Получалось так, что сам Миша, расходуя в ноль жизненные силы на создание модели, не отражался нигде. Несуществование вызывало в Мише мистический страх, в его глазах картина выглядела примерно так: он, связанный и немой, постепенно растворяется, становится прозрачным, но в то же время есть что-то, принимающее его форму и выдающее себя за него, что нагло разрастается и смеётся ему в лицо.
Он решился рассказать о своих переживаниях Профессору. Тот обыкновенно говорил с ним поощрительными фразами и в целом был добр и внимателен. Старик настоятельно требовал, чтобы недавний аспирант не тушевался и без опаски общался с ним и прочими новыми для него людьми, как с равными, то есть учился держать себя среди сильных. Таким образом Профессор, похоже, старался уверить Крымского, что является ему другом, хотя иногда льстил слишком топорно, чем изрядно его смущал.

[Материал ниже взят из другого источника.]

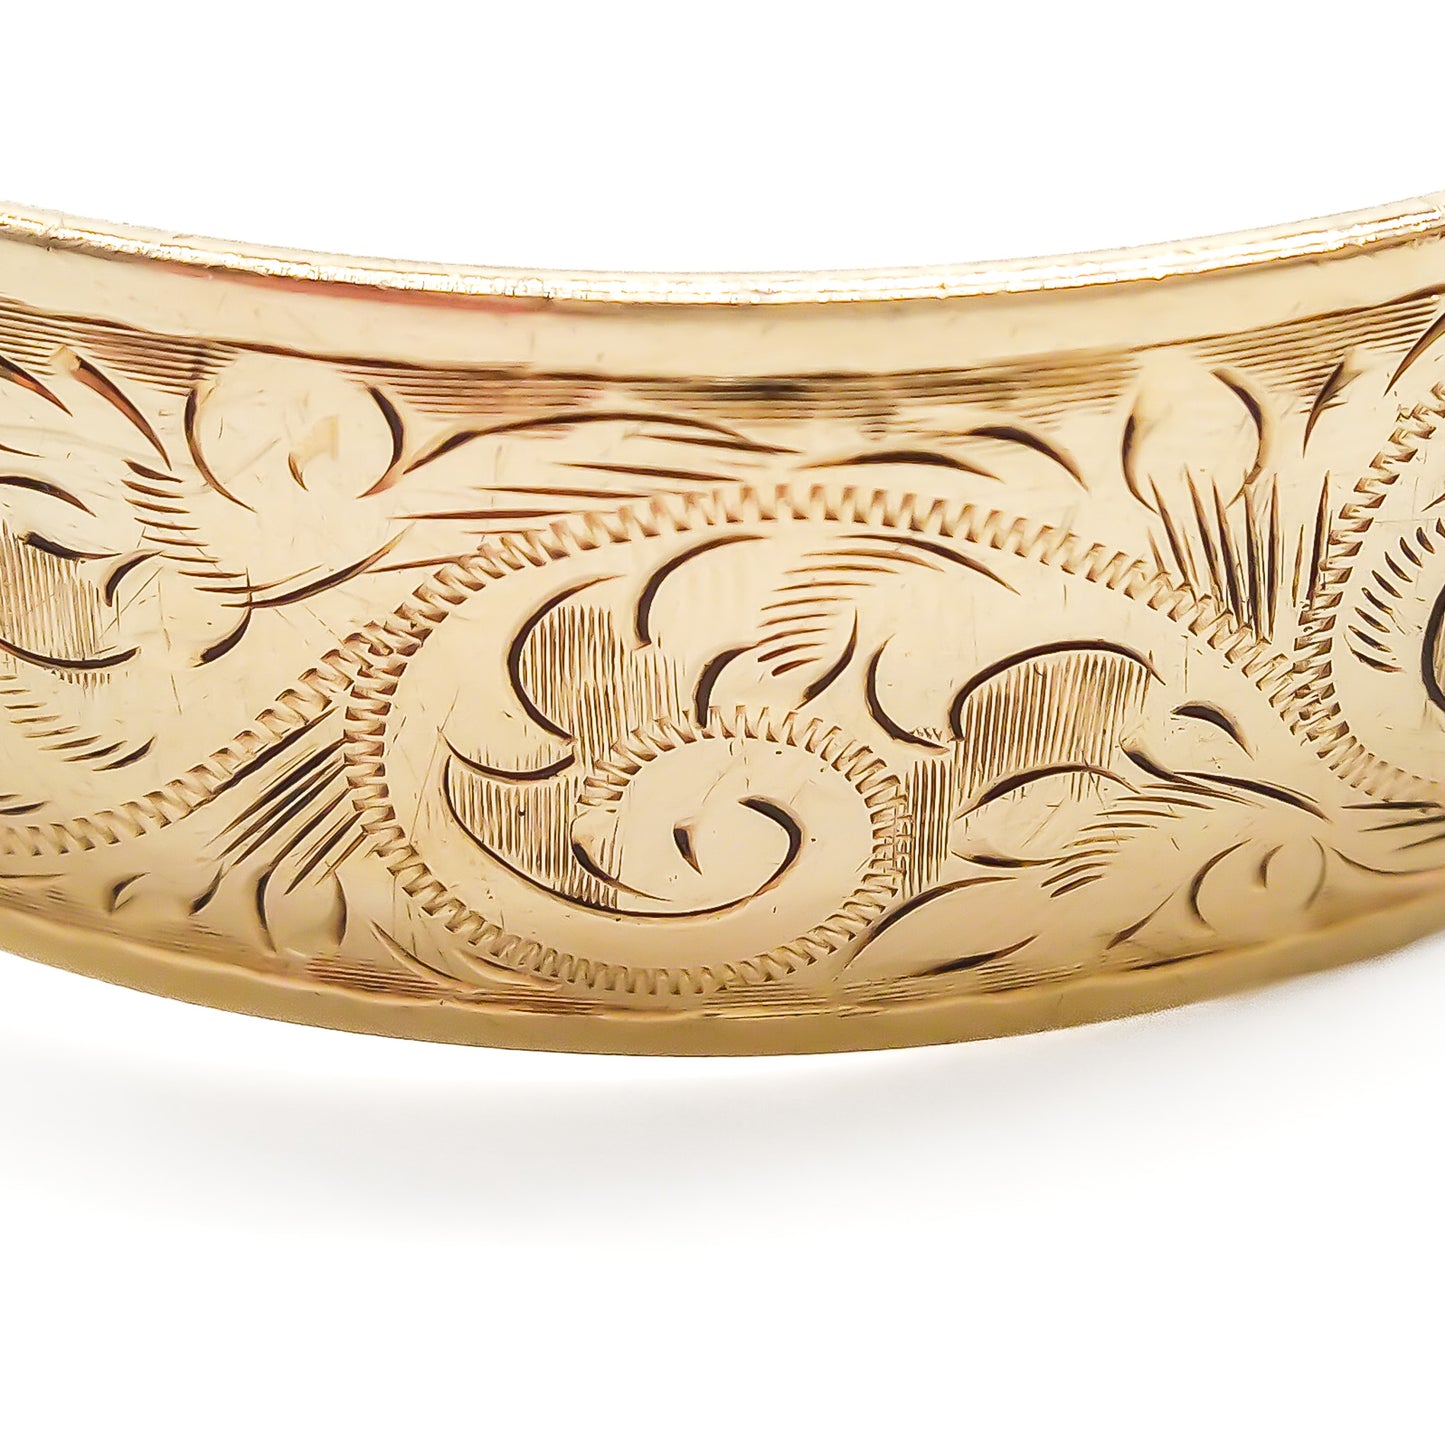 Beautifully engraved 9ct yellow gold bangle with a bronze core. Safety chain attached. Circa 1940’s

Выслушав Мишу, Профессор заметил, что существование самого Миши по элементарным философским понятиям в принципе под большим вопросом. Соответственно, его желание выбирать, чем именно отражаться в текущем моменте, весьма наивно, поскольку текущий момент – явление стихийное, и быть ему полезным можно, только приняв форму недостающего фрагмента пазла, если не он, то кто-то другой это сделает, самостоятельно же придуманные формы бесполезны и в пазл не подойдут. Вдобавок Профессор пристыдил Мишу рабочим классом, включая его родителей, чьи отражающиеся модели, в отличие от доставшейся ему, были куда менее гибкими и приятными.
В конце этого доверительного разговора Миша получил совет провести ревизию мысленного капитала, в первую очередь, забыть о гипотетическом Я и полностью отождествиться с отражением.
Совет был принят, однако даже у отражения остались свои переживания, да и полностью подавить свою природу Крымскому не удалось.
Внешне жизнь Миши, подобно жизням большинства успешных людей, утратила свою дискретность. Он перестал считать дни до отпуска, праздника, выходных; да и разница между днём и ночью стала менее принципиальной. Любое из мгновений новой жизни несло в себе всё то, чего раньше приходилось ждать от дней «особенных», лишь потому «особенных», что так извещал календарь.
Мише нравилось, что успешные люди общались с ним на равных, многие из них даже хотели стать его друзьями. Но в самих этих людях, как ранее в себе самом, Миша разочаровался; ничего, кроме хронической усталости и, как следствие, поверхностности, в них не было.
В отсутствие задач, которые образовательная система ставит перед аспирантом, Миша даже почувствовал ослабление умственных способностей. Но этот нюанс его не огорчил, поскольку в нём он не без оснований распознал признак своего рода эволюции из человека исполнительного, покладистого в персону великосветскую, правящую.
И всё же различия между старой и новой жизнью ощущались им не столь явно и не в тех местах, где он сам ожидал их почувствовать. Случившиеся перемены настигли Мишу нахрапом и не стоили ему вовсе никакого труда, вследствие чего он не имел возможности оценить их по достоинству. Ценность всех приобретений показалась ему надуманной.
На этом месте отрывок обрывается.